Title :
A novel approach to sequence-of-documents focused text categorization using the concept of a degree of fuzzy set subsethood
Author :
Sławomir Zadrożny;Janusz Kacprzyk;Marek Gajewski
Author_Institution :
Systems Research Institute, Polish Academy of Sciences, ul. Newelska 6, 01-447 Warszawa, Poland
Abstract :
This work is meant as a step towards developing an effective and efficient procedure for a special type of the text categorization problem. A set of documents and a set of their categories are assumed. However, in addition to being assigned to a specific category, each document belongs to a certain sequence of documents, referred to as a case, comprising of documents from the same class. The problem considered is how to classify a document to a proper sequence of documents, or case, within a specified category. If each case is treated as a separate category, then the potential training datasets are rather small.

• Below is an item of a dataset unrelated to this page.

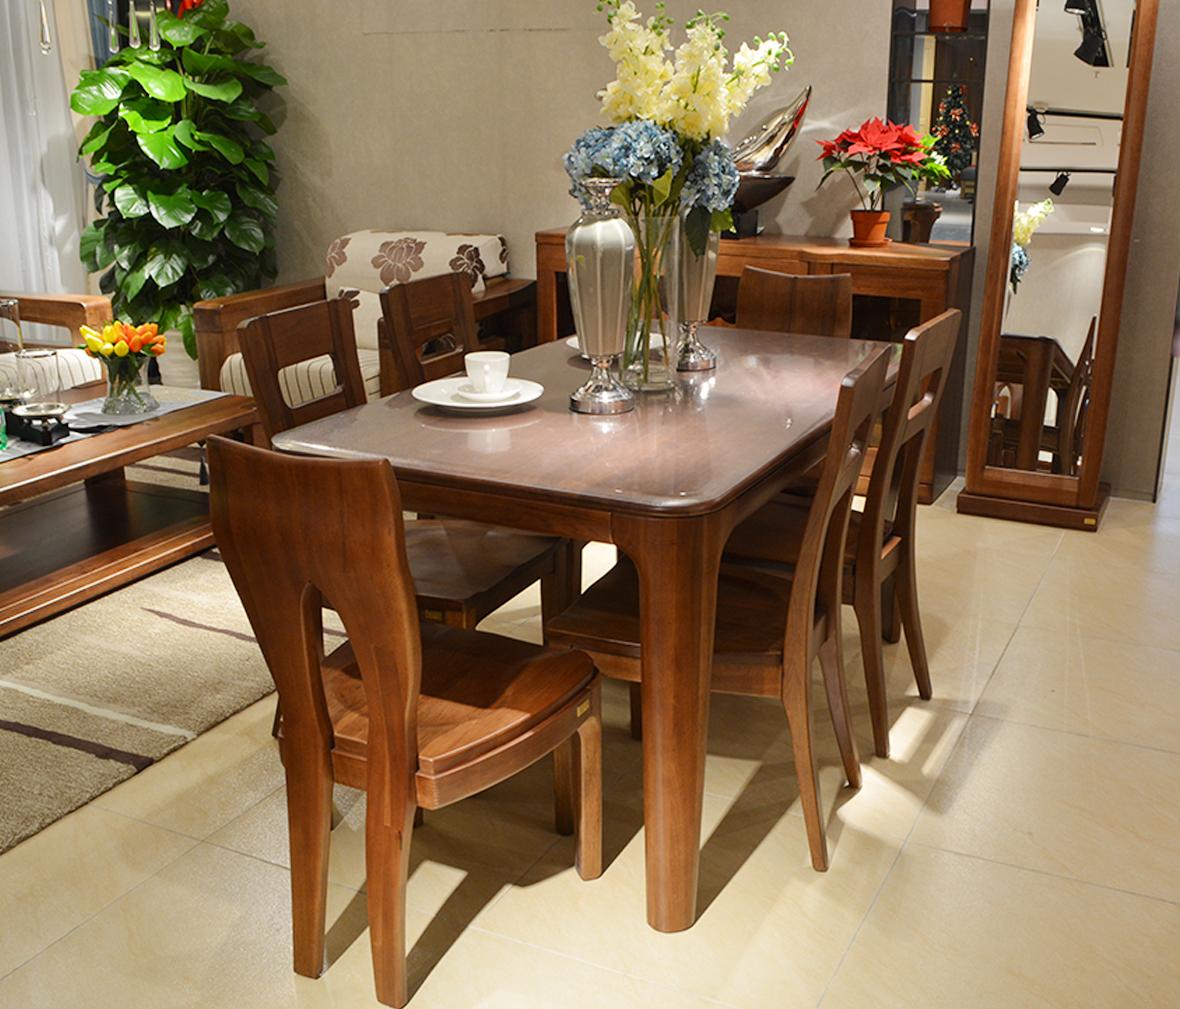 现代简约风格  眼缘:0  尚景家具 dt072-16型号 餐桌 桌子 胡桃木材质

We propose an algorithm which is based on a combination of two indicators characterizing a document to be classified: one reflecting its similarity to a case and one reflecting its similarity to a category. These indicators are based on the measure of subsethood of fuzzy sets. We study the effectiveness of the proposed algorithm for various combinations of weights of both indicators and subsethood measures employed.
Keywords :
"Text categorization","Hidden Markov models","Training","Weight measurement","Pragmatics","Fuzzy sets","Standards"
Conference_Titel :
Fuzzy Information Processing Society (NAFIPS) held jointly with 2015 5th World Conference on Soft Computing (WConSC), 2015 Annual Conference of the North American
DOI :
10.1109/NAFIPS-WConSC.2015.7284173